Immunotherapy has made great strides against cancers like melanoma that were once believed incurable, though scientists still do not understand why it works well in some cases but not others.

CHICAGO: Immunotherapy has made great strides against cancers like melanoma that were once believed incurable, though scientists still do not understand why it works well in some cases but not others.

The technique, hailed as Science magazine's breakthrough of 2013, involves training the immune system to attack tumours.

In some cases, the approach disarms the tumour's defences, in other cases it selects a patient's toughest immune cells, growing them in a lab and reinjecting them to bolster the body's assault on cancer.

"The beauty of this approach is that it is more selective... and is producing durable and long-lasting remissions," said Steven O'Day, associate professor of medicine at the University of Southern California Keck School of Medicine.

According to research published late last year, 40 per cent of patients with advanced melanoma who were treated with immunotherapy were showing no signs of cancer seven years later.

The results of three clinical trials released on Monday at the American Society of Clinical Oncology in Chicago may bolster this number.

One of them, an early phase one study of patients with inoperable melanoma, led to an unprecedented median survival of three and a half years in a cancer that usually kills within about one year.

"This is truly revolutionary and now the treatments are getting so good in melanoma that we are seeing for the first time significant progress in very difficult to treat solid tumours," added O'Day.

Solid tumours are found in most cancers, including cervical cancer, which is the latest breakthrough in immunotherapy.

Researchers from the National Institutes of Health reported on Monday that a new technique to lift immune cells from a tumour and then grow billions of them in the lab for reinfusion into the patient succeeded in two of nine patients.

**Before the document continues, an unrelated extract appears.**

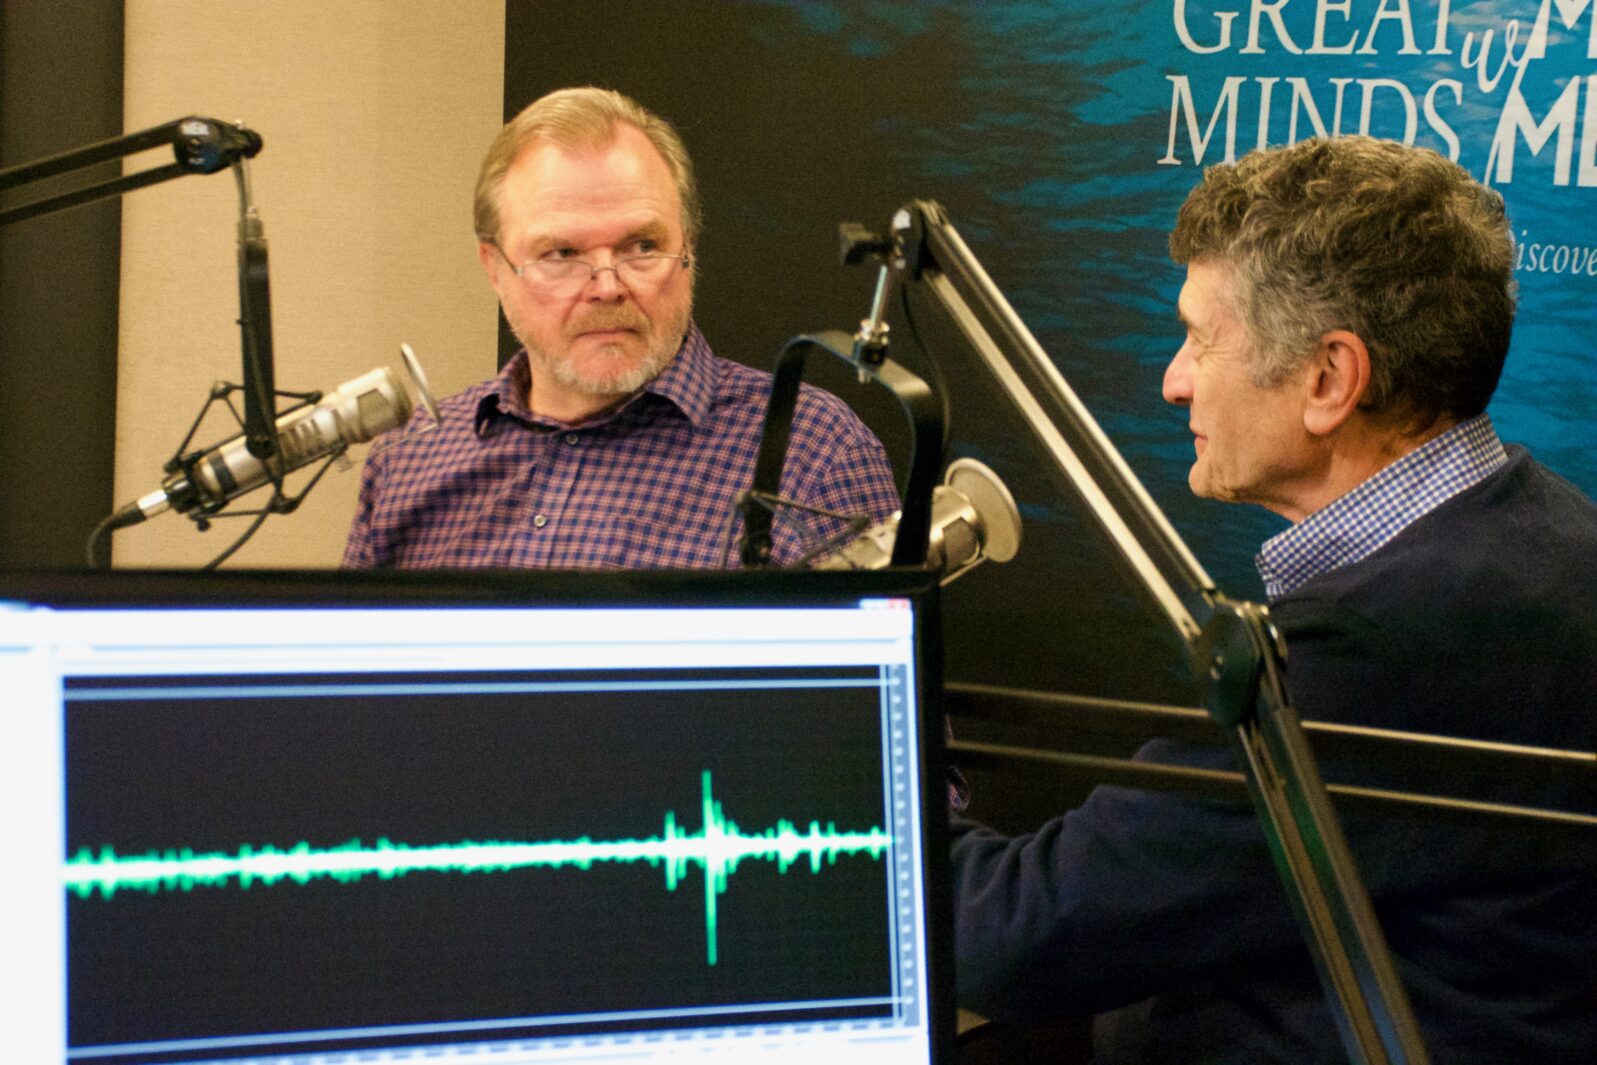 Robert J. Marks on Great Minds with Michael Medved

The women, both in their late 30s, were given less than a year to live before they entered the trial, and had cancer throughout their bodies. They now show no signs of cancer -- one for 22 months and the other more than a year after treatment.

But why it did not work in the other eight subjects remains a mystery that scientists are working hard to solve.

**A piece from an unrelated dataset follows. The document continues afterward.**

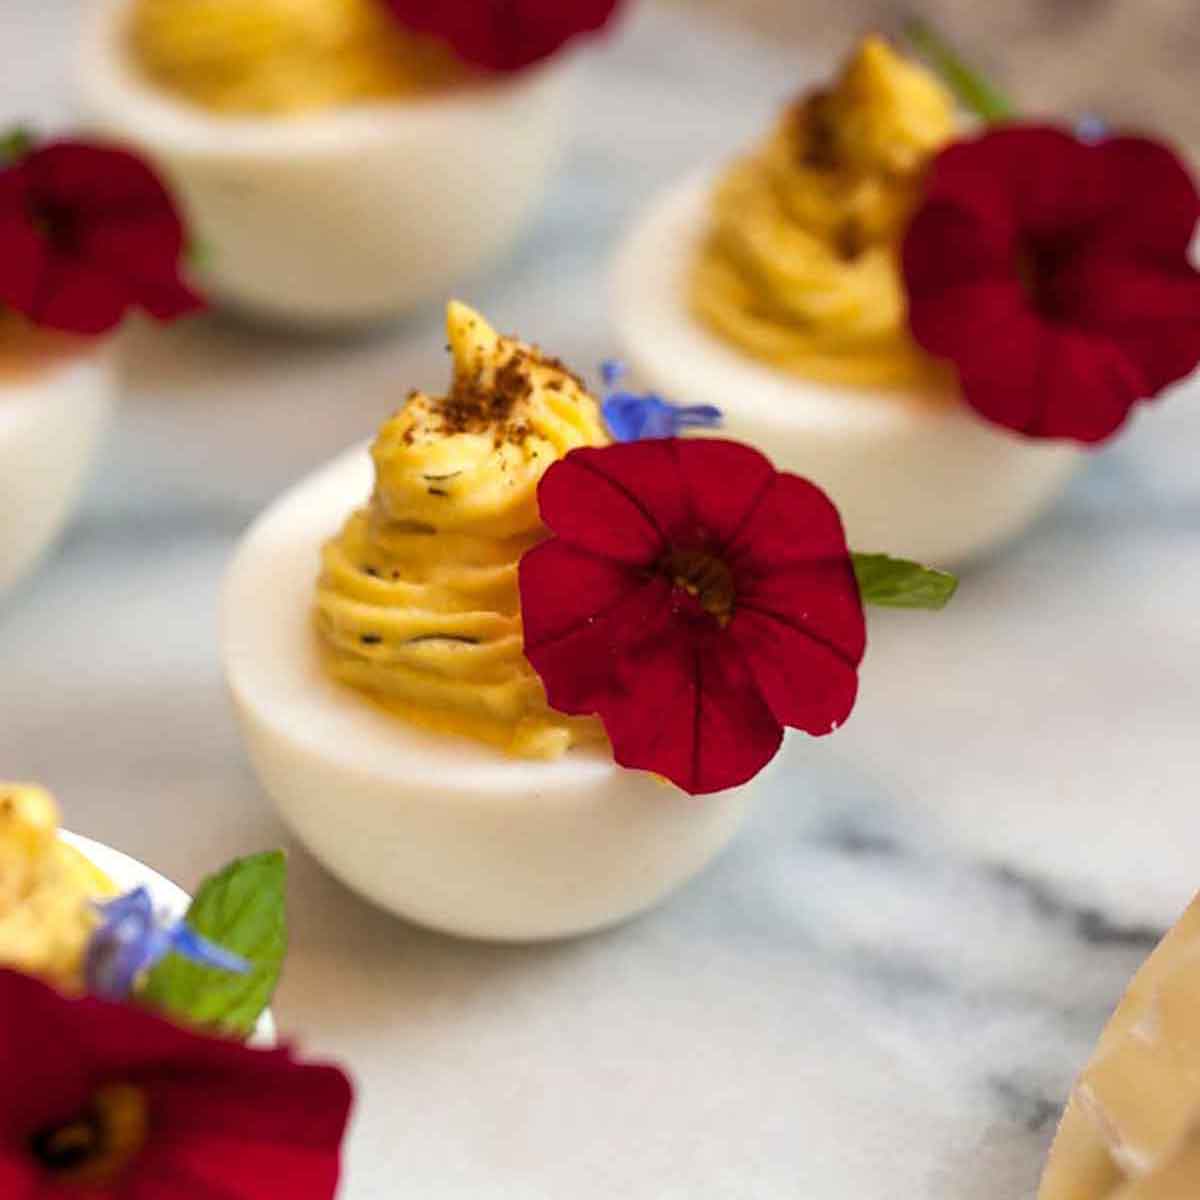 5 deviled eggs, garnished with red flowers on a marble board.

In the meantime, more studies are being launched on immunotherapy as a treatment for oral and anal cancers that, like cervical cancer, are caused by the human papillomavirus (HPV).

When it comes to melanoma, as well as kidney and lung cancer, a new kind of drug that blocks a protein called PD-1 has energised the field of research.

"PD-1 is arguably the most exciting breakthrough in cancer therapy in a decade," said Mark Schoenebaum, an analyst with ISI Group.

Pharmaceutical giants Bristol-Myers Squibb and Merck are among those racing to make drugs that will help the immune system recognise and attack cancer.

Experts say the field of immunotherapy has a market potential of US$35 billion.